Zanzibar Dreaming – A South African’s First Visit

Flying over the ocean blue to an island called Unguja, I imagined Zanzibar to be a stereotypical island paradise – bleached beaches, coconuts falling from palm trees, sickly sweet pineapple drinks with those unnecessary little umbrellas – but with the influence of Africa, slavery, and the spice route.

Zanzibar

Water like liquid sapphire
Captures fragments of golden sun.
It breathes and bends, but never breaks;
A story that slowly comes undone.

Zanzibar


Zanzibar

Upon arrival, Africa presented itself in a cliched humidity that clung to our clothes and frizzed our hair. We stood in a cluster of frantic faces in a delapidated airport, filling out arrival forms amidst a scarcity of water and pens.

Through a wall of tattered canvas strips appeared men carrying luggage from the plane. Bags were bunched together with haphazardous intent.

Our eyes darted nervously from the make-shift luggage skyline to the tethered barrier.

Zanzibar

After locating our bags and waiting patiently for a European member of our group to emerge from a hidden immigration office, we clambered onto a tour bus.

Here, a guide spilled secrets and shared stories with us, first breaking the ice with a few familiar Afrikaans and Zulu phrases to make the South Africans among us connect to our new environment and the people in it.

For an hour we drove the winding – and notably pot-hole free – road to Uroa beach resort. Buffets, an ocean view, Mosai security guards, stray cats, potentially malarial mosquitoes, live entertainment, and an endless flow of pink receipts (which we had to sign with the purchase of every drink) characterised our stay at the resort.

August proved to be a popular month for birthdays as we heard the Jambo Bwana birthday song enough times for it to still be stuck in my head.

The influence of slavery presented itself in the form of a historical tour of Stone Town. Capitalising on – and inevitably perpetuating elements of – the past, we were informed of the happenings and horrors of the island.

Zanzibar After observing a Sunday ceremony – in an Anglican cathedral built on a portion of the former market where people traded in spices and slaves – we were taken into a chamber in a nearby building.

In this dark, damp and daunting room, enslaved people were detained for up to three days awaiting their fate.

In the suffocating darkness of a humid holding cell,
I feel the warmth of your breath.
Trapped in the womb of this rotten beast,
We await the birth of our death.

Zanzibar

With the trade of spices came a cultural exchange: Indian architecture, Islamic beliefs, and African textiles. For a fully immersive experience of a place, one needs to take in the sights, sounds, textures, scents and tastes.

Zanzibar

We completed our experience on the final day, taking a dhow out to sea.

Zanzibar

Gliding over the ocean blue, we anchored in a snorkelling spot. The water was cool, the coral sharp, and the fish were bright.

Zanzibar

With salty lips and sunburnt skin, we ventured on to a sandbank.

Zanzibar

The sun at its highest, we settled in the shade of palm trees, baobabs and other shrubbery for a beach braai.

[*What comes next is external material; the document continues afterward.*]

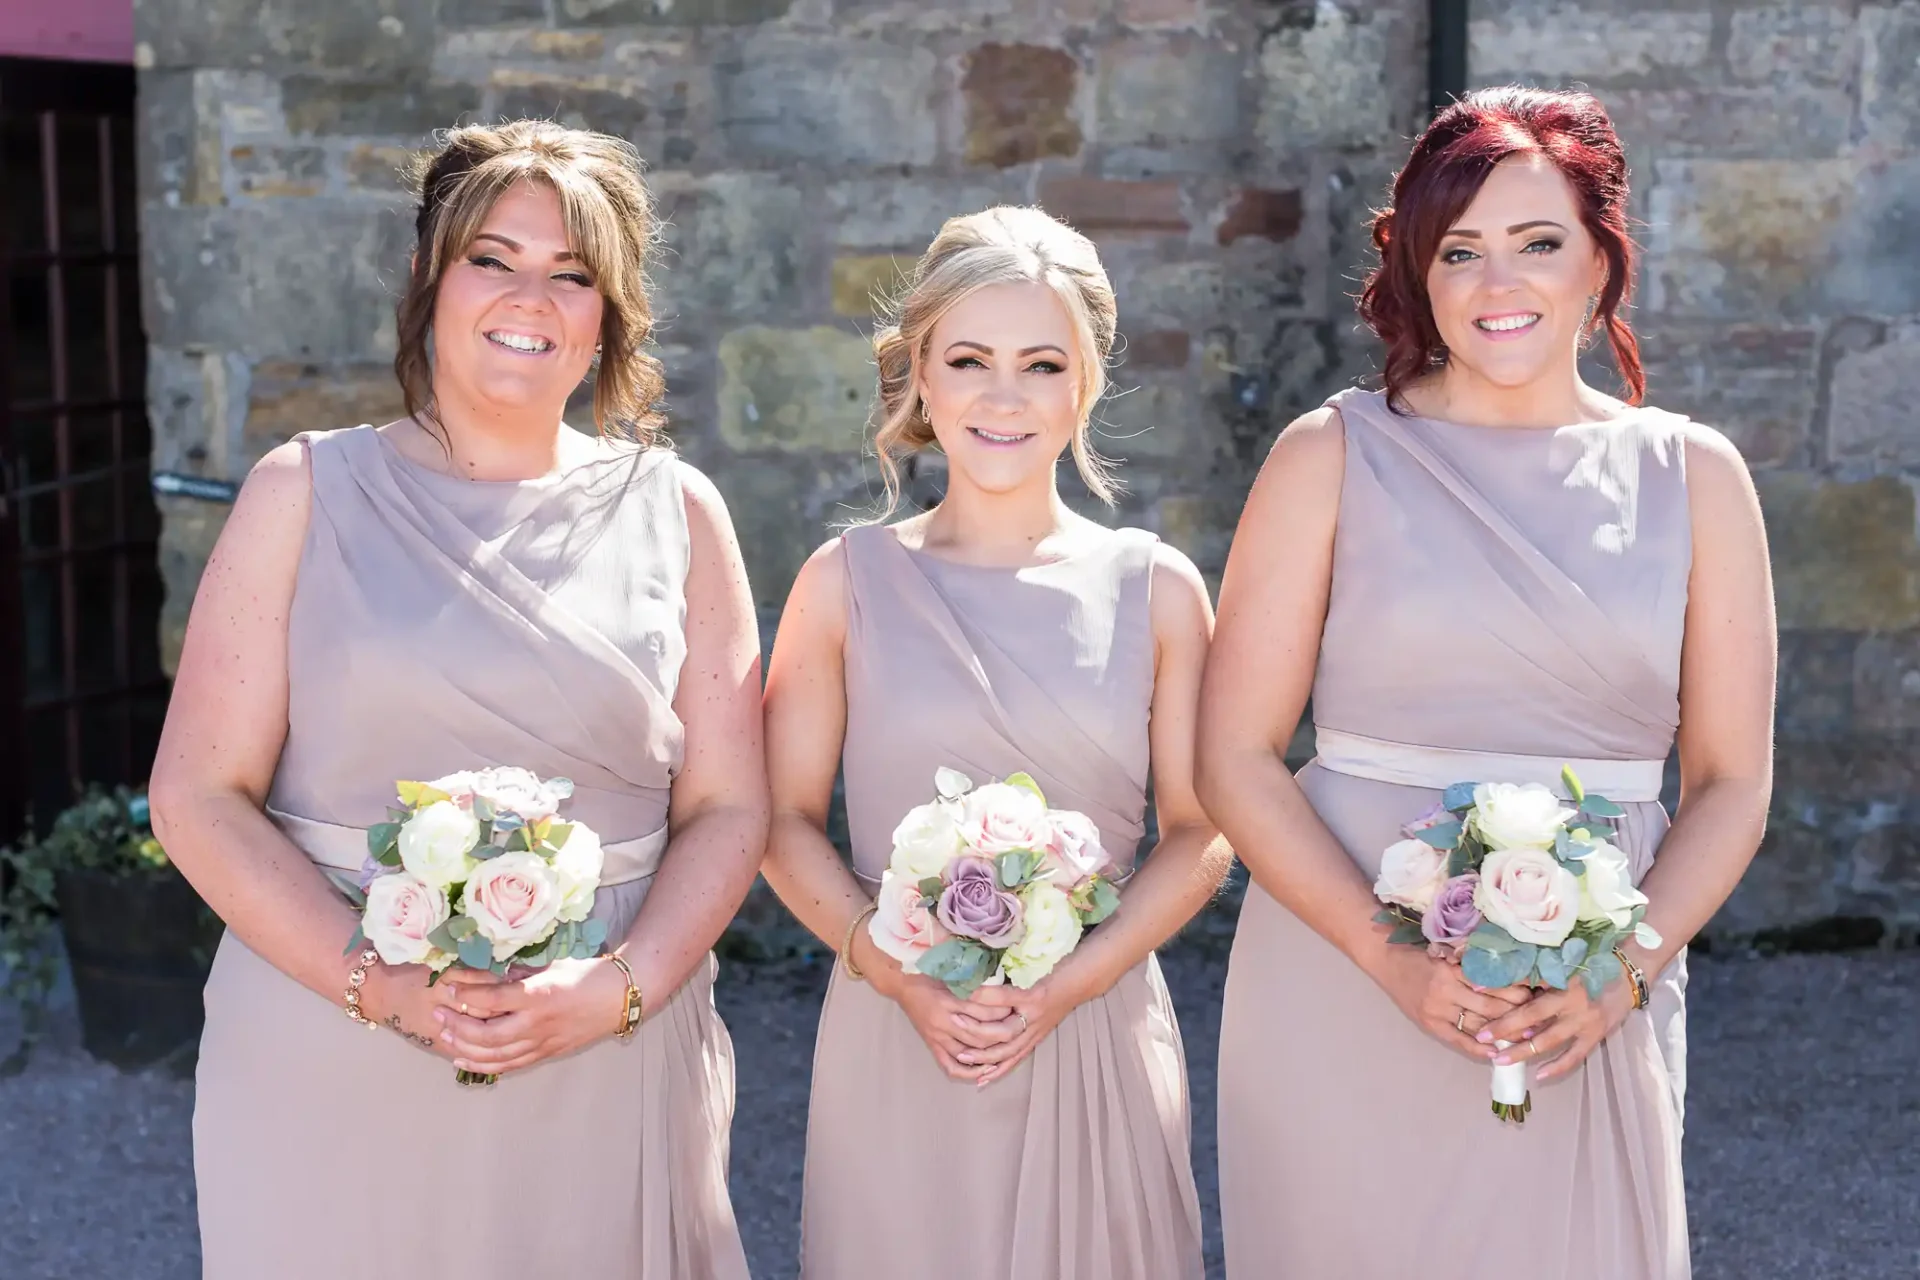 Three bridesmaids in matching taupe dresses holding bouquets of pink and white roses stand smiling outside a stone building.

Fish, calamari, lobster, chicken, maize cakes, vegetable relish. Afterwards, we were treated to a demonstration and tasting session of a range of fruit consumed on the island. Mango, banana, star fruit, grapefruit, sugar cane, prepared baobab seed sweets.

With the sun sinking low, we retreated back to the island, but not before we were greeted by some dolphins, curiously inspecting the surrounding waters – possibly for some discarded fish.

One of the guides accurately predicted the movements and whereabouts of the dolphins – reading their dorsal fins to determine whether they would resurface, or dive deep down and reappear elsewhere.

Zanzibar

Back at the dilapidated airport, I struck up a conversation with a man guarding a bookstore while the owner had stepped out.

I enquired about books and music he would recommend for a traveller seeking stories about Zanzibar – romanticised but raw. I settled on two of his suggestions: Zanzibar Chest and The White Masai.

Zanzibar

We then spoke briefly – but deeply – about the root of Zanzibar and South Africa’s present-day problems; about the issues of crime, politics, racism, and xenophobia in South Africa, and about the legacy of slave-trade, destructive witchcraft, and the bubbling revolution in Zanzibar.

Zanzibar

“You see this man”, he said pointing to one of the many books with Nelson Mandela’s smiling face on the cover, “this is a great man. Your president”.

“What do you think of our current president?” I ask, already reading his bemused and amused eyes.

“Let’s talk about something else”, he laughs, “South Africa can be a great place, but you have some problems”.

“We’re working on it”. I wonder.

Zanzibar

This place left me with many questions, and yet it answered so much. It exposed a set of broader human endeavours that play out in a different context than what I am familiar with.

It revealed patterns in human behaviour, and illustrated the adaptation and appropriation of beliefs. It made me confront my own humanity, not just that of others.

And I realise now it’s not a dream, but Zanzibar rising.